Hmmm... but what about the fact that the ID variable appears in both the patients and scale data sets, but it appears only once in the combined one2oneread2 data set? How does SAS handle the situation? Well... in general, if the data sets contain variables that have the same names, the values that are read in from the last data set overwrite the values that were read in from earlier data sets. Let's take a look at a contrived example to illustrate this point.

Example 15.3 Section

The following program uses one-to-one reading to combine the one data set with the two data set to create a new data set called onetwo:

DATA one;
input ID VarA $ VarB $;
	DATALINES;
	10 A1 B1
	20 A2 B2
	30 A3 B3
  ;
RUN;
 
DATA two;
   input ID VarB $ VarC $;
   DATALINES;
   40 B4 C1
   50 B5 C2
   ;
RUN;
 
DATA onetwo;
   set one;
   set two;
RUN;
 
PROC PRINT data = onetwo NOOBS;
   title 'The onetwo data set';
RUN;

The onetwo data set
ID	VarA	VarB	VarC
40	A1	B4	C1
50	A2	B5	C2

As you review the first two DATA steps, in which SAS reads in the respective one and two data sets, note that the two data sets share two variables, namely ID and VarB. The third (and last) DATA step tells SAS to combine the two data sets using the one-to-one reading method. Let's walk our way through how SAS processes the DATA step. At the end of the compile phase, SAS will have created a program data vector containing the variables from the one and two data sets in the order in which they appear in the DATA step:

_N_	_ERROR_	Num	VarA	VarB	VarC
1	0	.

During the first iteration of the DATA step, the first SET statement reads one observation from data set one:

_N_	_ERROR_	Num	VarA	VarB	VarC
1	0	10	A1	B1

Then, the second SET statement reads one observation from data set two. The values for ID and VarB in data set two overwrite the values for ID and VarB in data set one:

_N_	_ERROR_	Num	VarA	VarB	VarC
1	0	40	A1	B4	C1

Being at the end of the first iteration of the DATA step, SAS writes the contents of the program data vector as the first observation in the onetwo SAS data set. Upon returning to the top of the DATA step, the program data vector looks like this at the beginning of the second iteration of the DATA step:

_N_	_ERROR_	Num	VarA	VarB	VarC
2	0	40	A1	B4	C1

Recall that SAS retains the values of variables that were read from a SAS data set with the SET statement. Now, the first SET statement reads the second observation from the one data set:

_N_	_ERROR_	Num	VarA	VarB	VarC
2	0	20	A2	B2	C1

And, the second SET statement reads the second observation from data set two. Again, the values for ID and VarB in data set two overwrite the values for ID and VarB in data set one:

_N_	_ERROR_	Num	VarA	VarB	VarC
2	0	50	A2	B5	C2

Being at the end of the second iteration of the DATA step, SAS writes the contents of the program data vector as the second observation in the onetwo SAS data set. Because there are no more observations in the two data set, processing stops. That is, the DATA step does not read the third observation from the one data set.

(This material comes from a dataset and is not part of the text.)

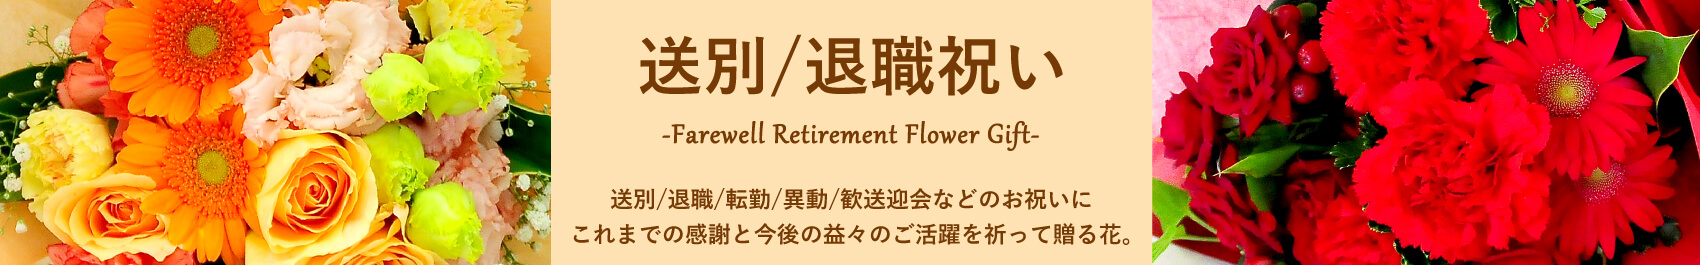 送別/退職祝いに贈る花
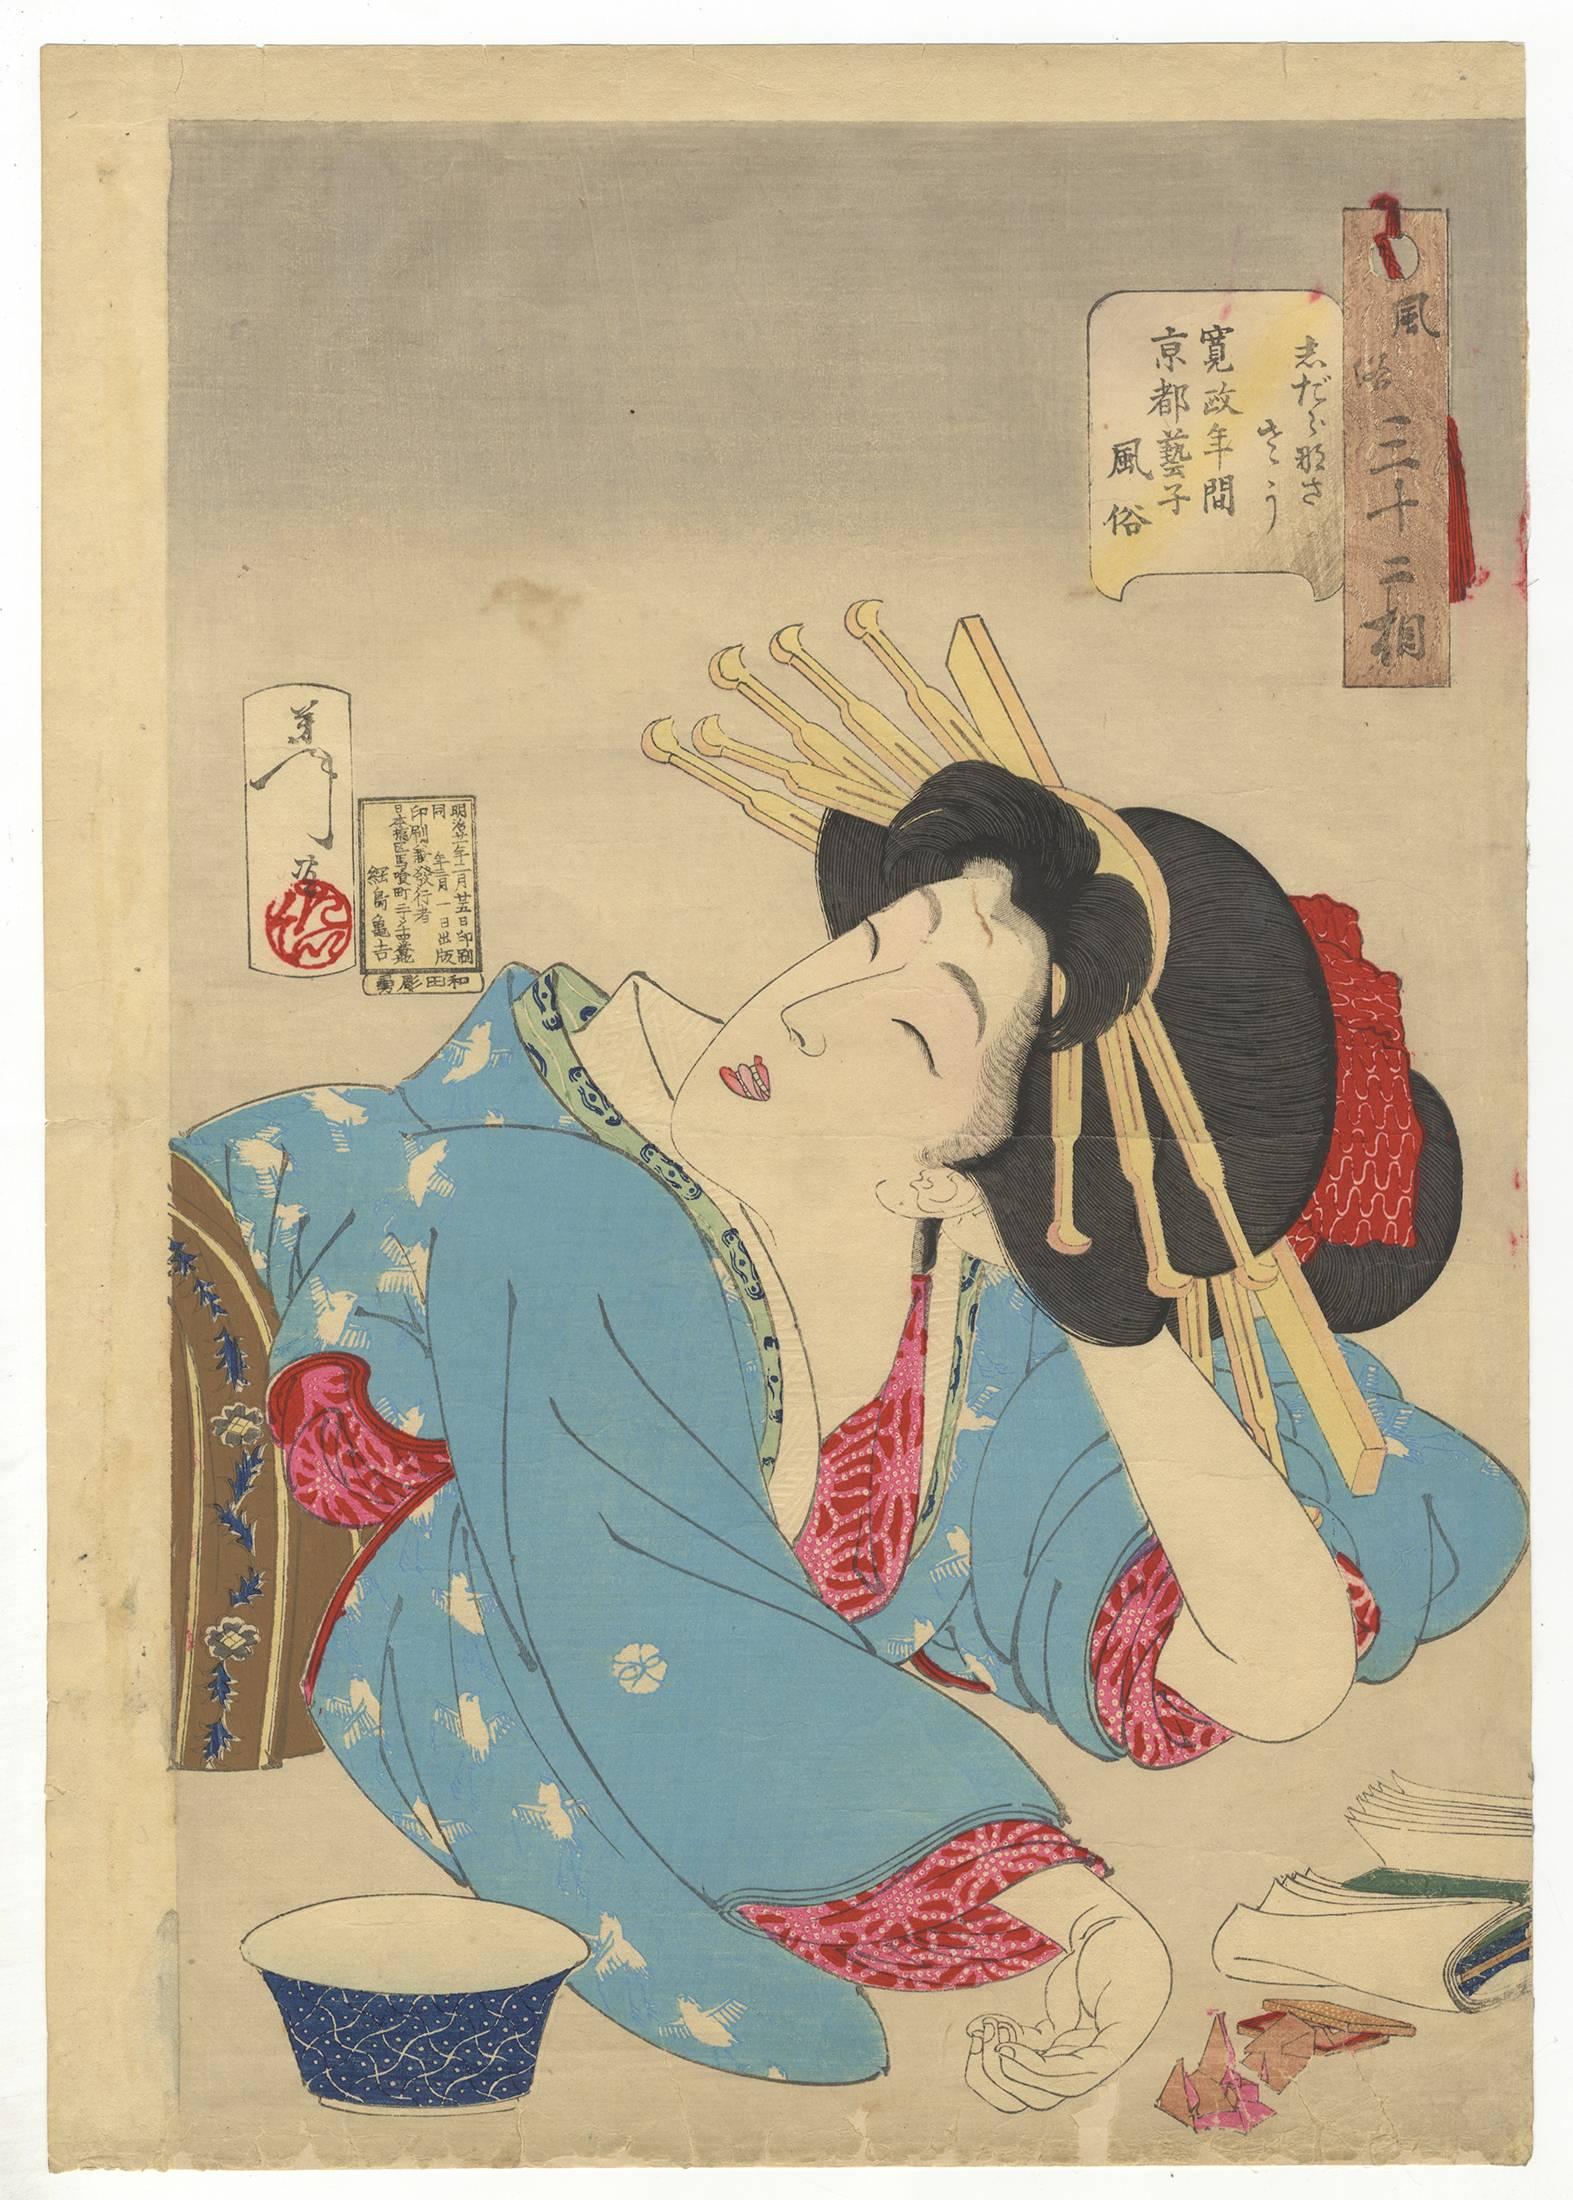 Tsukioka Yoshitoshi Portrait Print - Yoshitoshi, Ukiyo-e, Japanese Woodblock Print, Beauty, Geisha, Meiji, Kyoto

Now, launch and run the SAS program, and review the output to convince yourself that the one and two data sets are combined as described.

One more comment. Note that although each of our one-to-one reading examples involved combining just two data sets, you can specify any number of SET statements when one-to-one reading ... and therefore the sky's the limit.